4. The single rank-parity node

Both original conjectures reduce to one invariant — the parity of the rank \(\mathrm{rank}(n)=\Omega(n)\).

The twin side: the exclusivity of two (no_large_shared_divisor) forbids the cross term \(xy\) in the rank generating function and forces the four-corner inequality \(N_{00}N_{33}\le N_{03}N_{30}\) (N33_lt_N00_of_four_corner, Engine/FourCorner) — the balance of twins is a rank-parity balance.

The Riemann side: \(\lambda(n)=(-1)^{\mathrm{rank}(n)}\) (liouville_eq_neg_one_pow_rank), deleteFactor flips the sign (liouville_flip_of_mul_prime), and RH is the smallness of \(L(x)=\sum_{n\le x}(-1)^{\mathrm{rank}(n)}\) (LiouvilleBound).
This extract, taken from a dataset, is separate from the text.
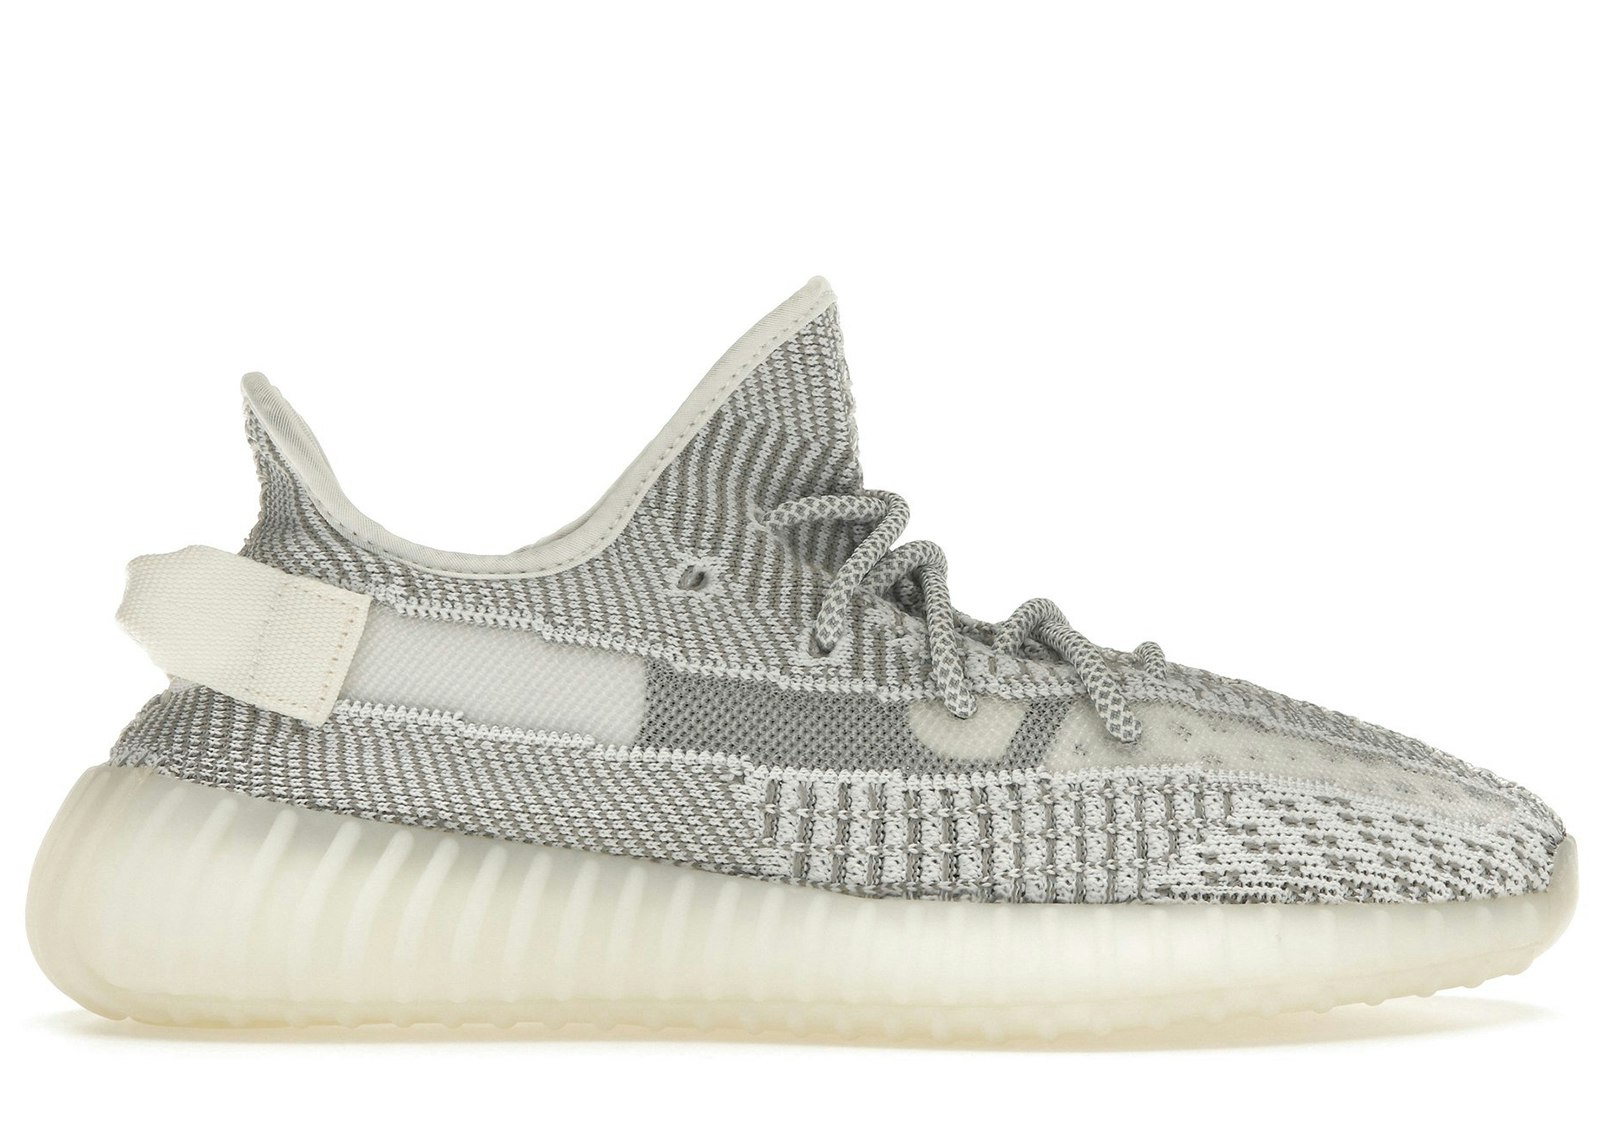 adidas Yeezy Boost 350 V2 Static (Non-Reflective) - EF2905 - US

Conclusion. One invariant, one operator, one parity wall — which is why we speak of one rank-parity node. The fronts of part VIII are attempts to get around this wall from different sides; their audits (ch. 37) show machine-wise where the bypass is genuine and where it is a repackaging of RH.
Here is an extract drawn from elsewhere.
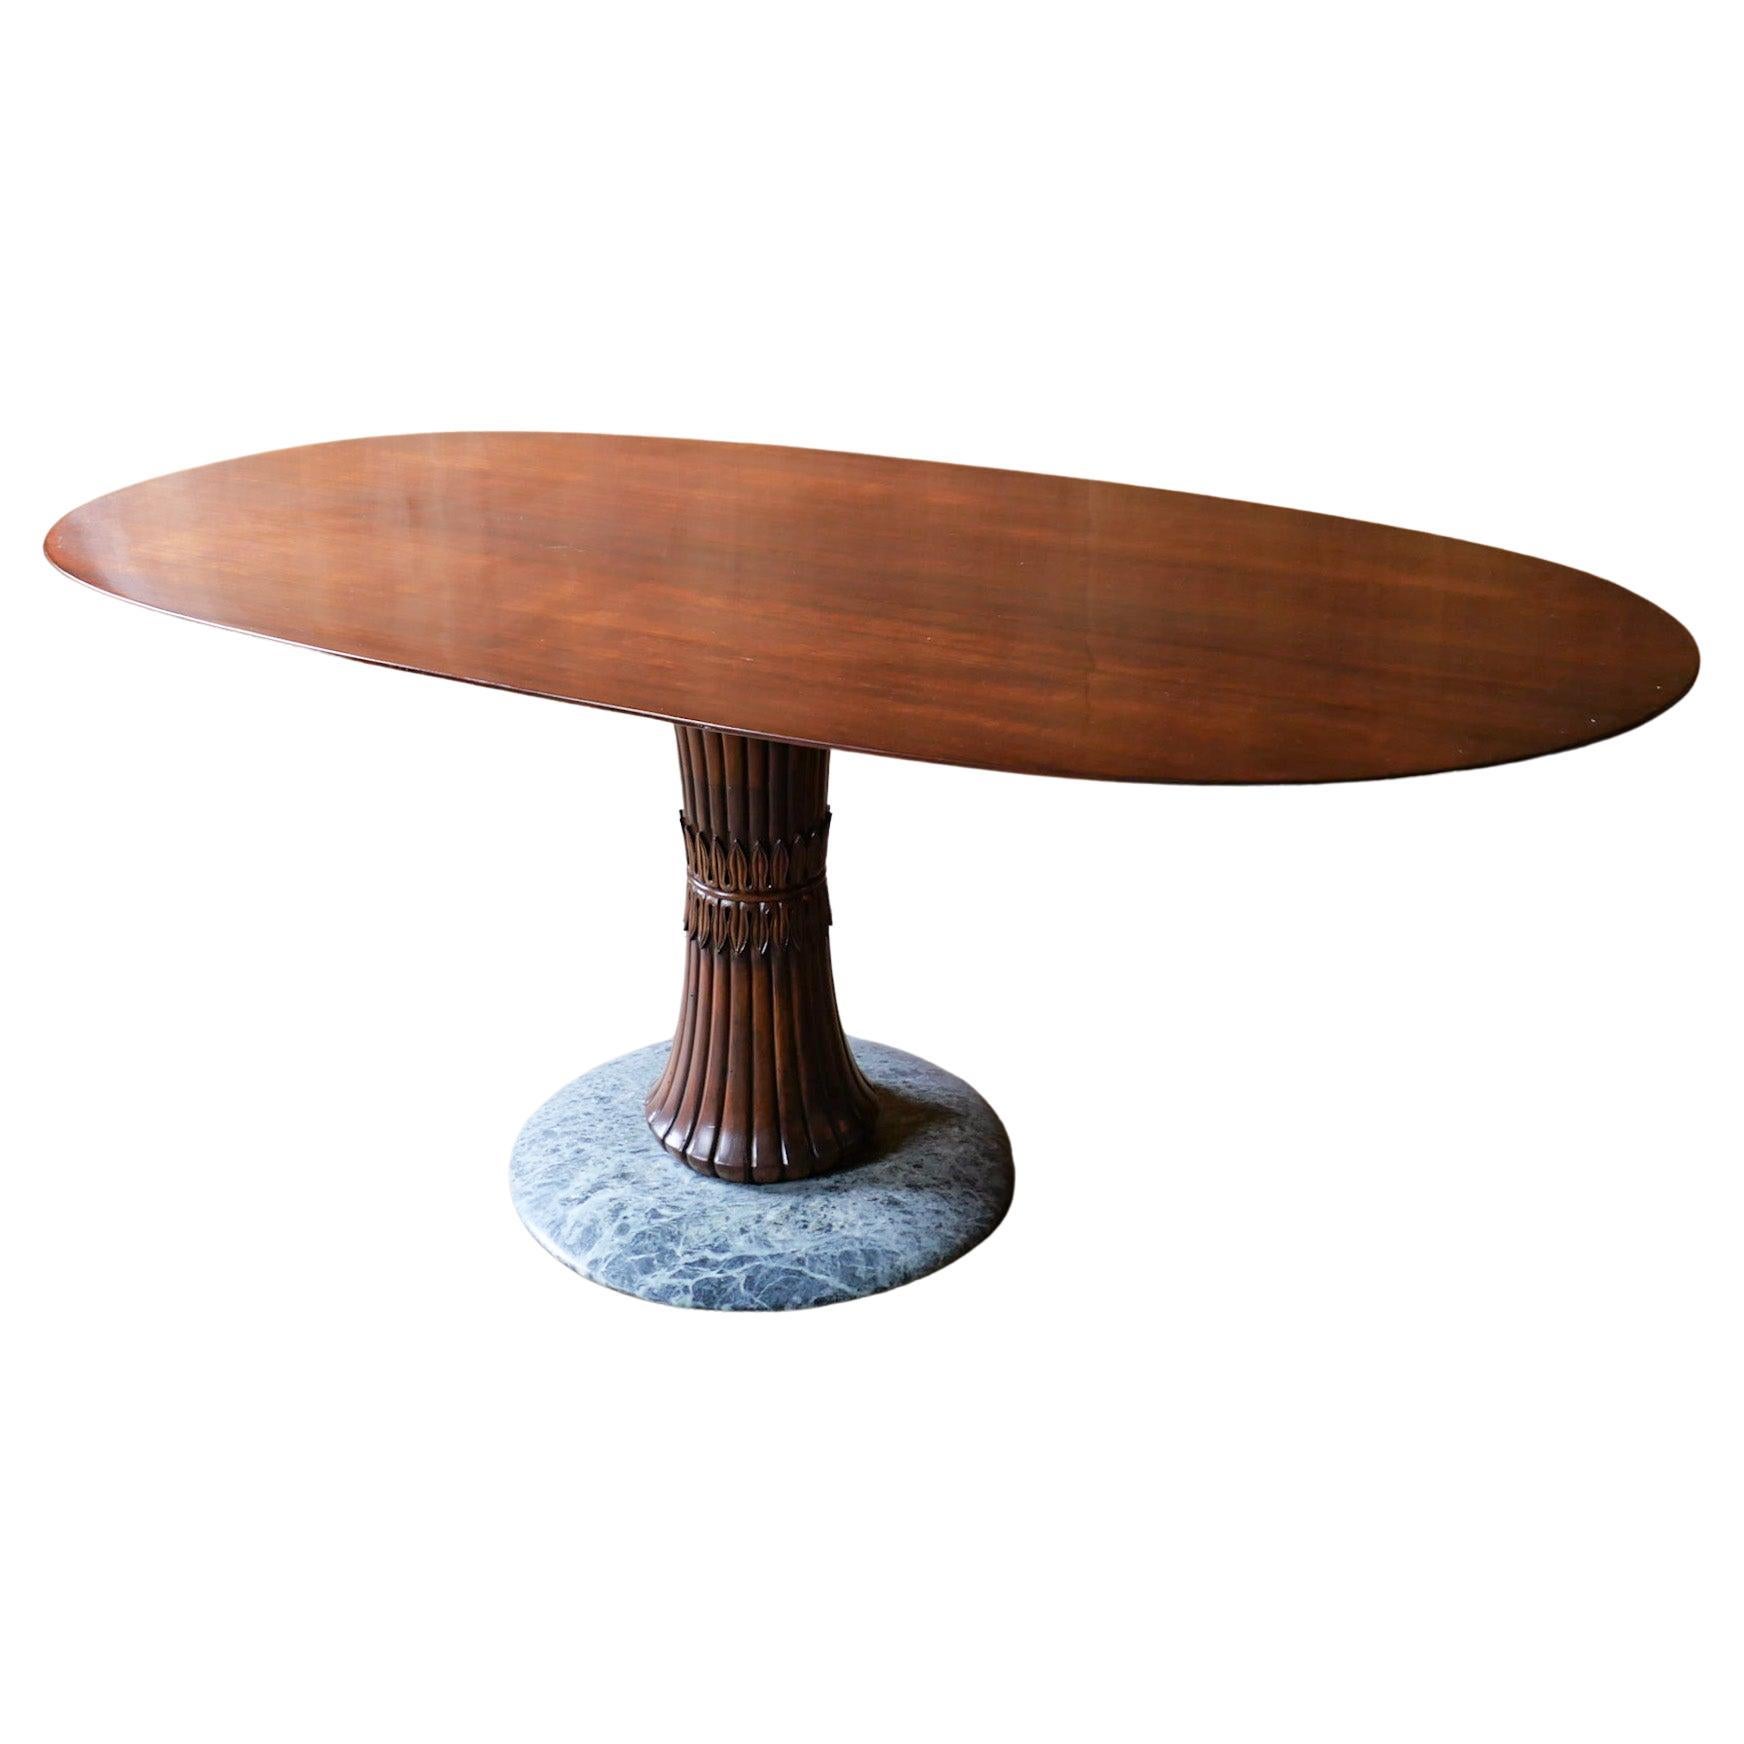  Mid-Century Modern Wooden Marble Dining Table attr. to O. Borsani, Italy 1950s

5. Honest status by branch

Twins — 🔴 a single node, narrowed to the utmost. The whole branch is machine-reduced to TheLastStep00Obligation (Engine/ConcreteStep00Graph): twinLowersInfinite_of_lastStep00Obligation 🟢. The node is a twin detector: twin_above_of_resolves (an input at scale M0 itself presents a twin above M0 — scale for scale it is no weaker than the goal); the whole family of ~15 equivalent forms (energy / nested / seam / gauge / compression …) is machine-⟺ to it.

⚠️ Narrowing (an adversarial probe): the branch A ≤ 4 is refuted — the 5-adic chain \(c(k{+}1)=5c(k)+1\) yields infinitely many admissible genealogies with no twin hypotheses (smallScale_branch_of_lastStep00Obligation_refuted); ∃A survives only at A ≥ 5 (lastStep00Obligation_forces_scale_ge_five).

⚠️ Vacuity no. 1 (exposed, repaired): the degenerate peel p = p·1 made the node refutable; the patch properDiv + targetPos — now the twin hypothesis is load-bearing, and satisfiability at A ≥ 5 is genuinely open. The conditional closure through the first cause (higherEnergyIncompatibility_twins and kin) — 🟡. Step00.twin_prime_conjecture remains sorry.

Riemann — 🔴 the fronts' inputs, 🟡 through the extended decree. 🟢: trivialBelowZeroClassification (every zero with Re ≤ 0 is trivial) — RH is conditional only on EngineBridge/TwoTransportBridge/LiouvilleBound.

⚠️ Vacuity no. 2 (exposed, not embellished): the goal of the rank-jump route is not anchored — the full package LiouvilleToTwinLocalization is inhabited with zero input (fullLocalization_noInput); the honest wall is exactly ¬LiouvilleViolation (wall_global) — of RH strength; the window bookkeeping, meanwhile, is closed honestly (relevantViolation_gives_window). The machine honesty of the bridges: offCriticalBridge_iff_RH, coherentTwoTransportBridge_iff_RH, no_coherent_twoTransportLaw — the decompositions are maps of obligations, not a non-circular path.

✳️ Through the first cause (chapter 38): RH is run through the same rank machine as the twins — a zero off the line = an unpaid deviation; the manifestation law (the Riemann boundary, subsequently withdrawn from the decree, Option A — a detached front, not a live decree boundary; manifestation is the principle "a deviation must show itself", see the glossary) + the green impossibility of supply at permitted scales ⟹ riemannHypothesis_from_firstCause (conditional, WITHDRAWN dead code). Not a proof of RH; the price is disclosed: riemannManifestation_asserts_RH — under the boundary the law is ⟺ RH.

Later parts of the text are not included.